ABOUT THIS EXERCISE
With pictures removed, the data below should be returned exactly.

THE DATA
==========

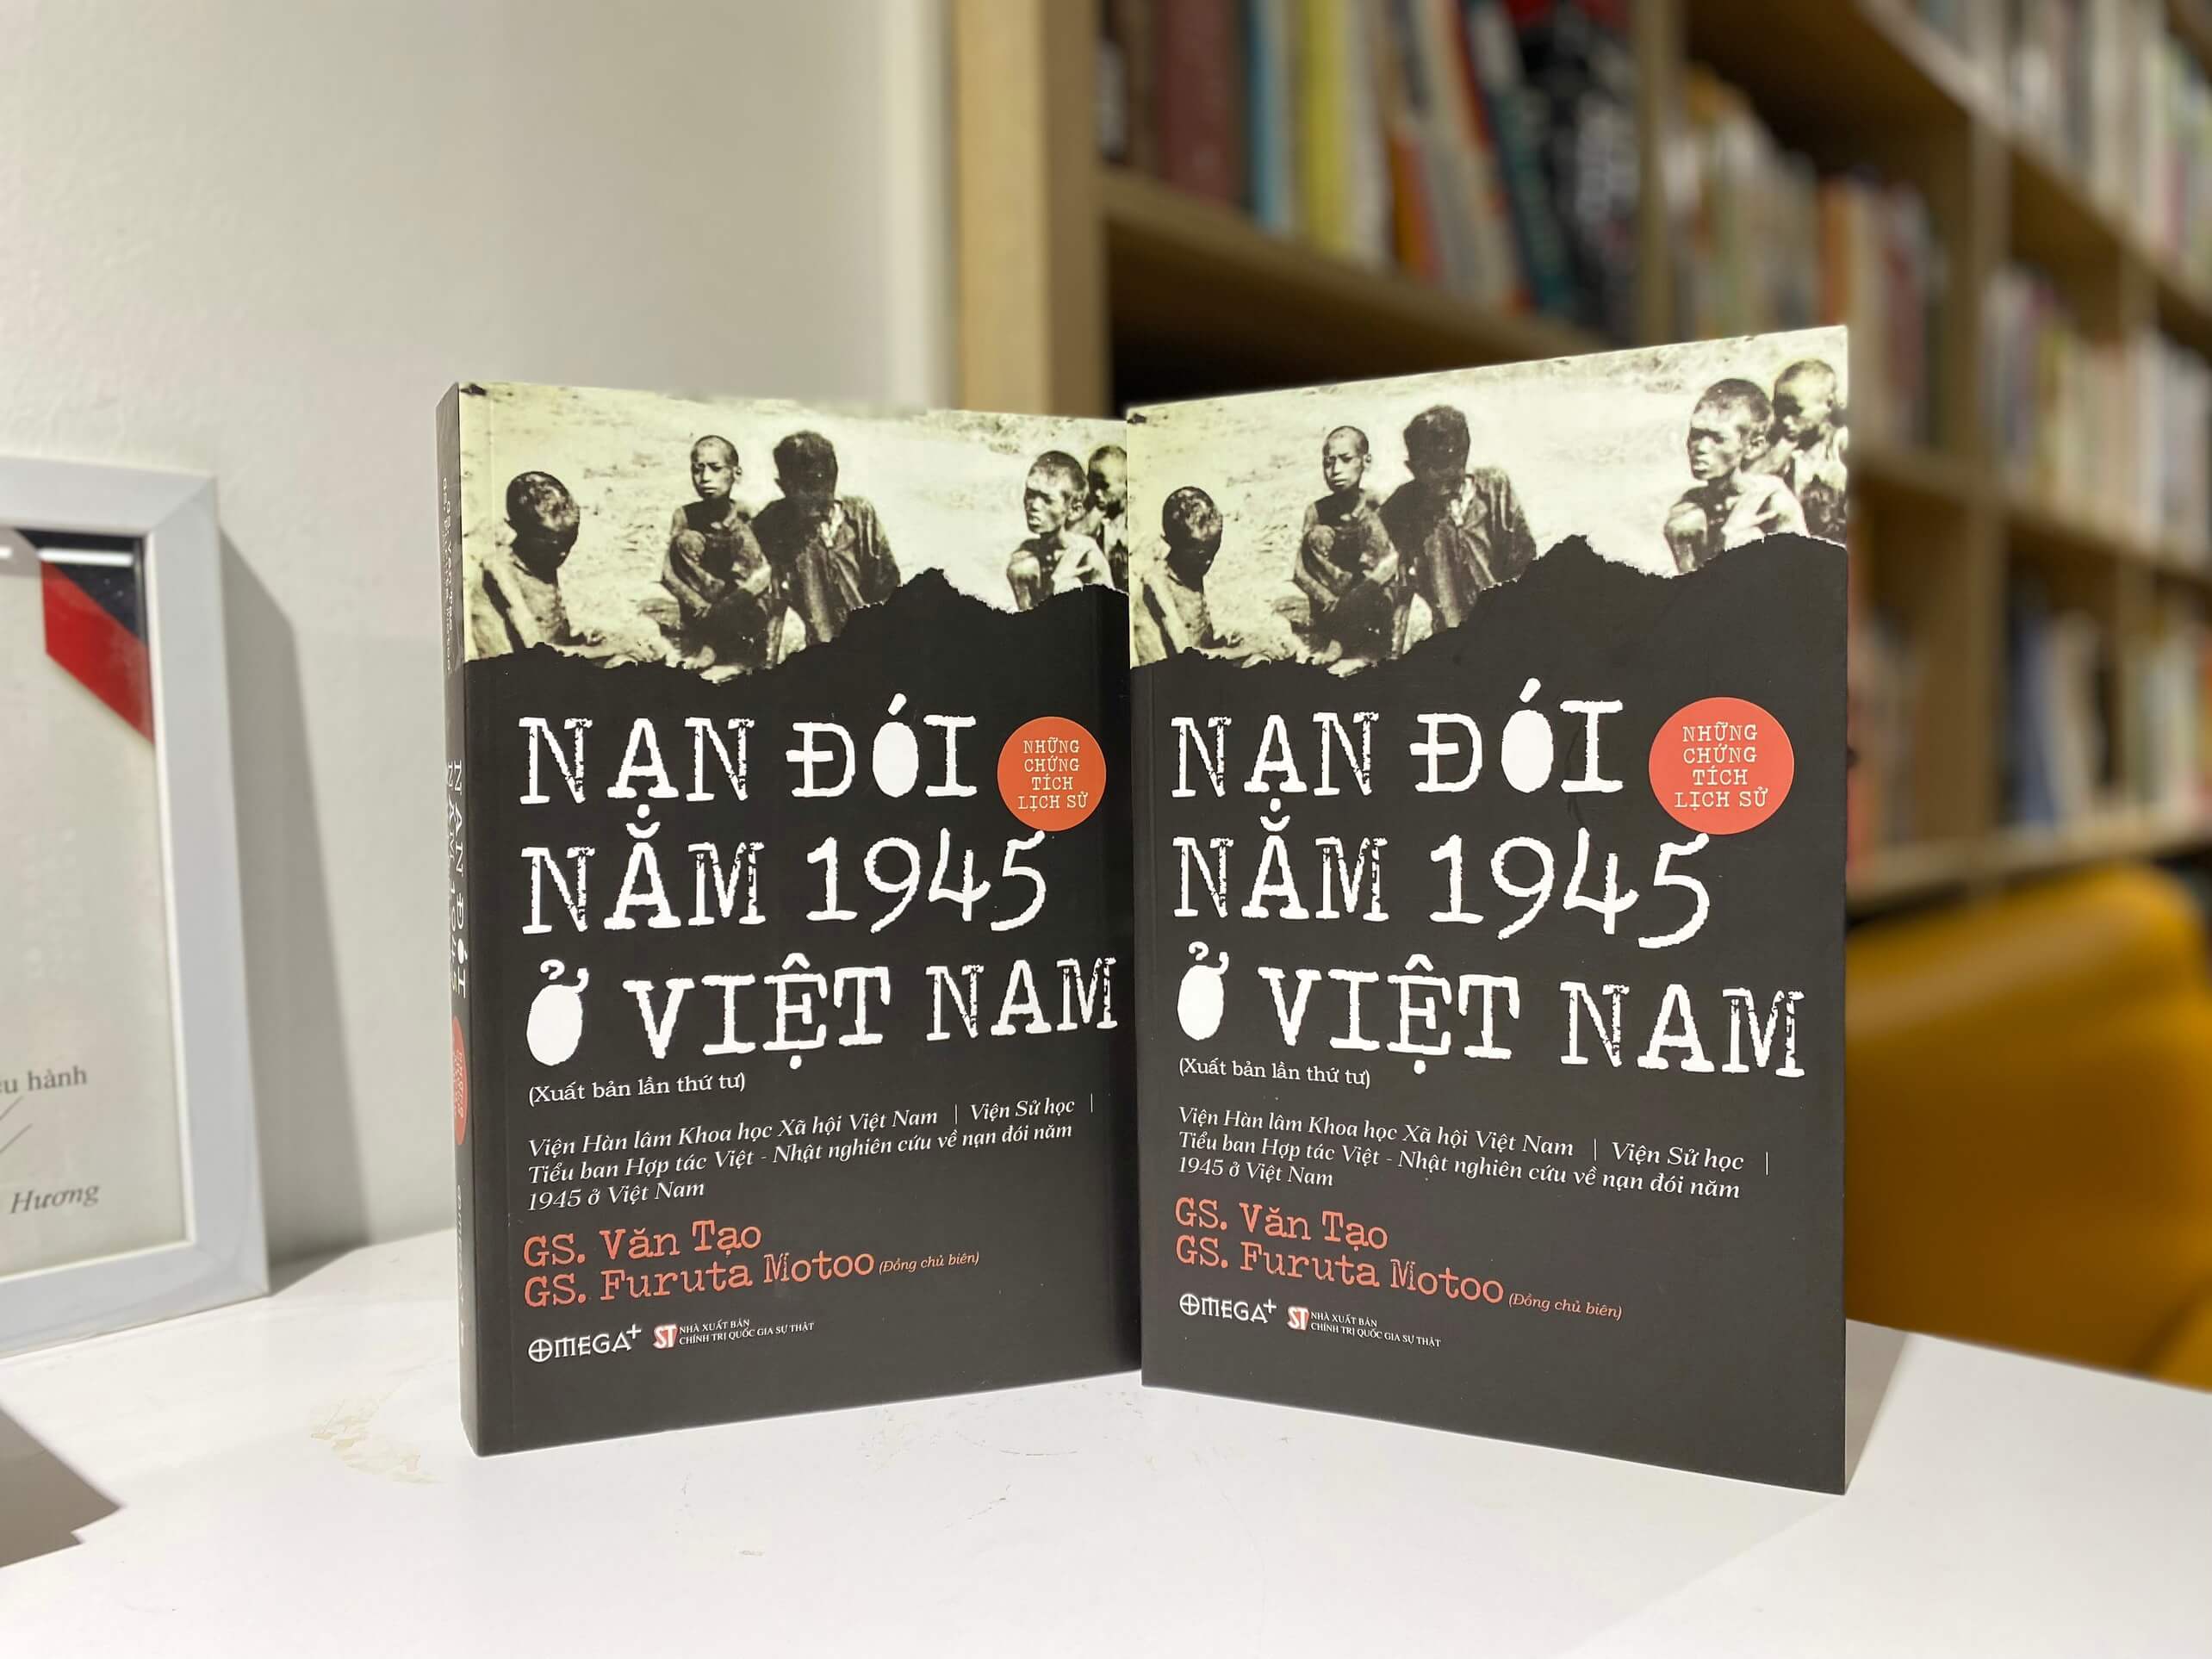 Nan doi nam 1945 anh 1
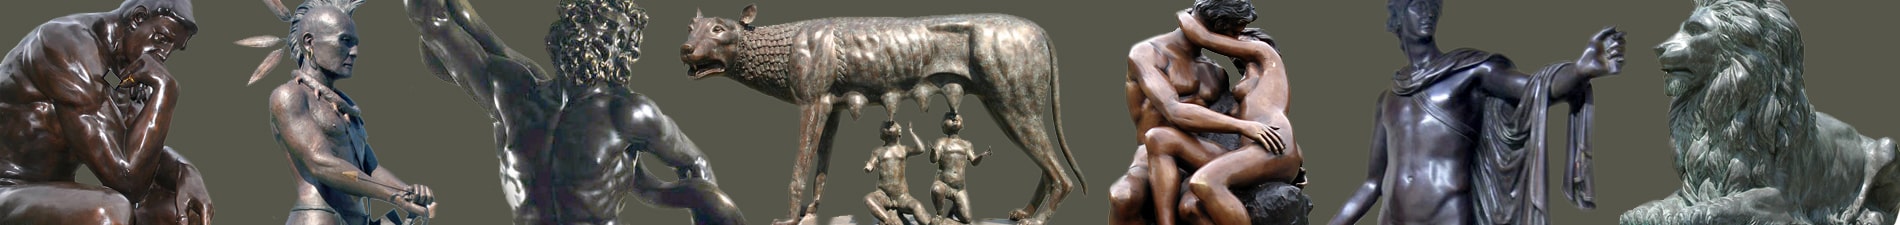 Christian bronze sculptures
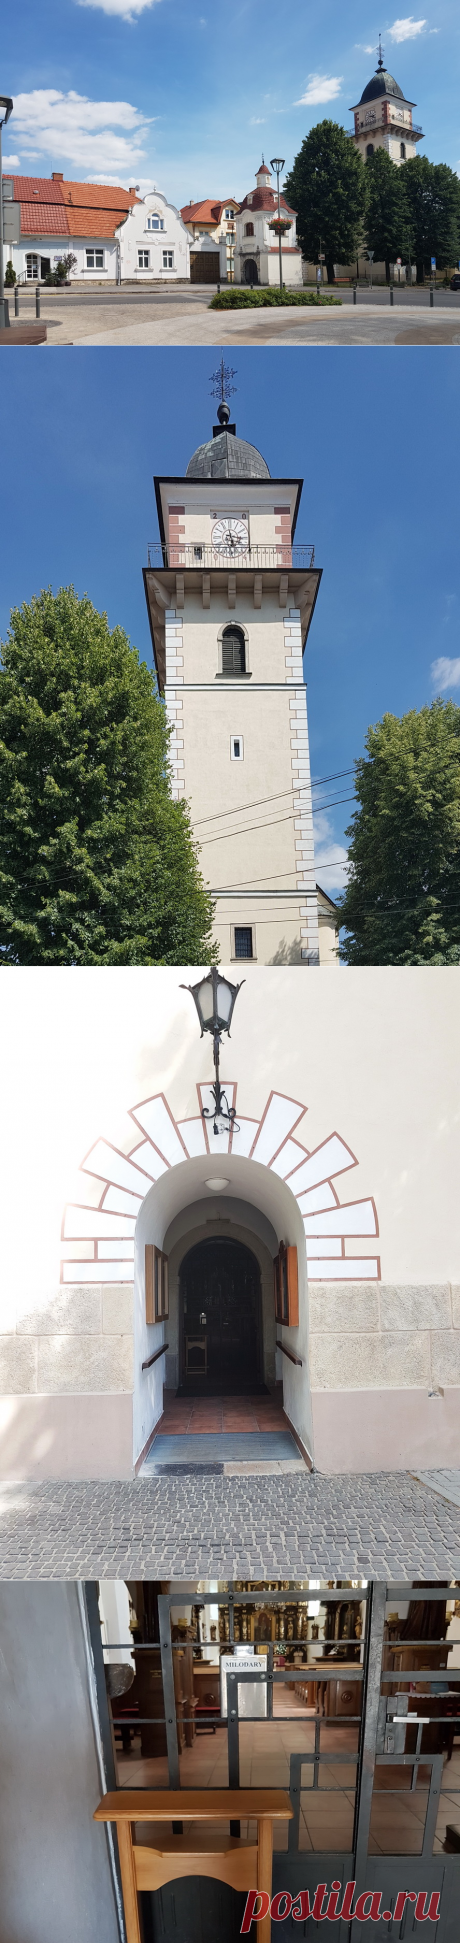 Костел святого Мартина и часовня святого Иоанна Непомуцкого в г. Бойнице (Словакия)
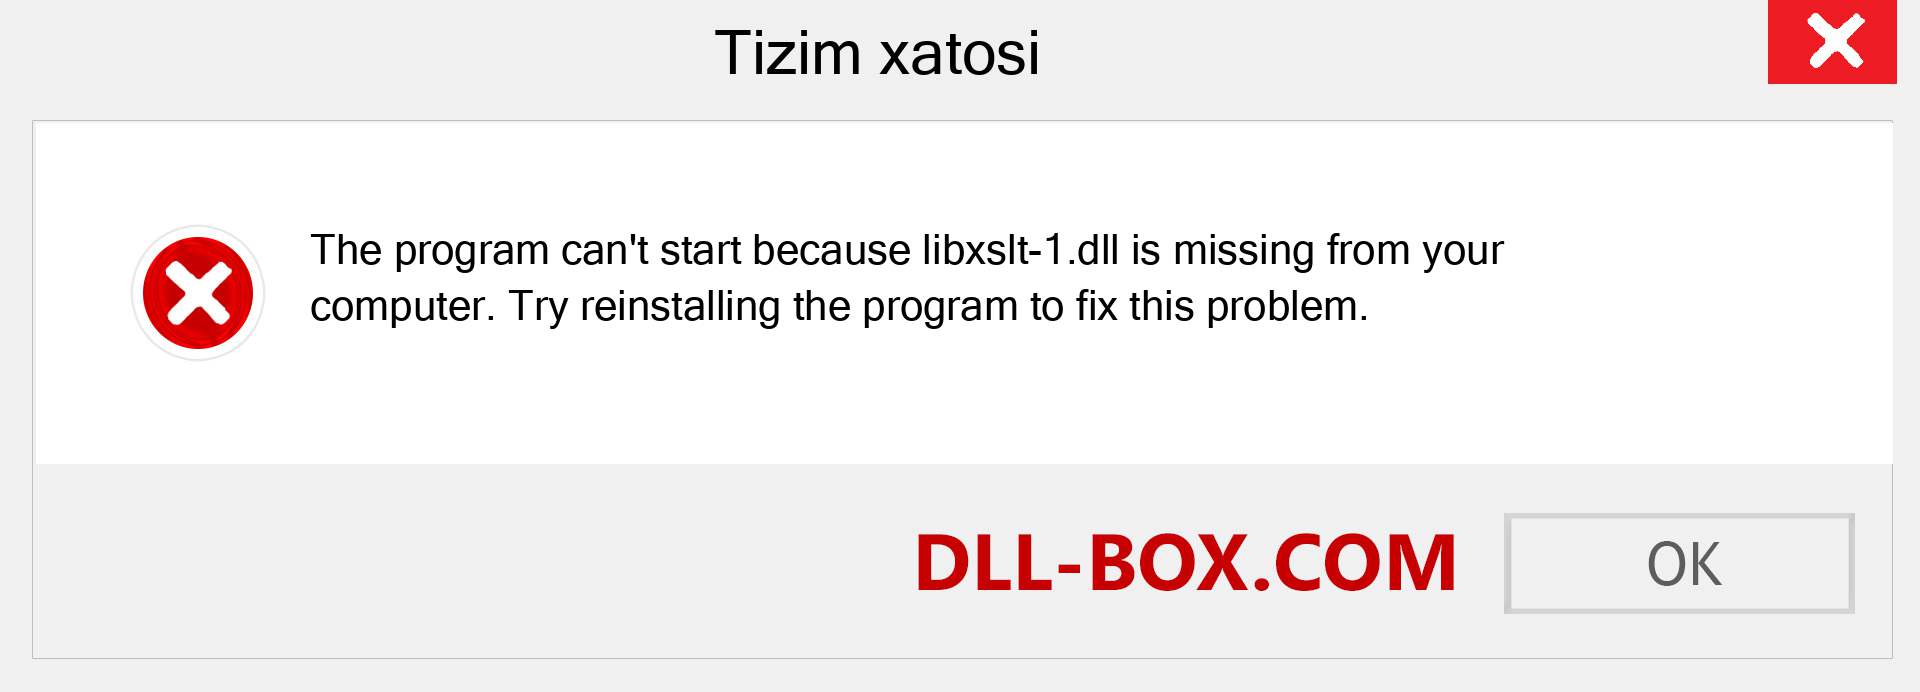 libxslt-1.dll fayli yo'qolganmi?. Windows 7, 8, 10 uchun yuklab olish - Windowsda libxslt-1 dll etishmayotgan xatoni tuzating, rasmlar, rasmlar

==========

ANSWER BOX
 Nan doi nam 1945 anh 1
 Christian bronze sculptures
 Костел святого Мартина и часовня святого Иоанна Непомуцкого в г. Бойнице (Словакия)
 libxslt-1.dll fayli yo'qolganmi?. Windows 7, 8, 10 uchun yuklab olish - Windowsda libxslt-1 dll etishmayotgan xatoni tuzating, rasmlar, rasmlar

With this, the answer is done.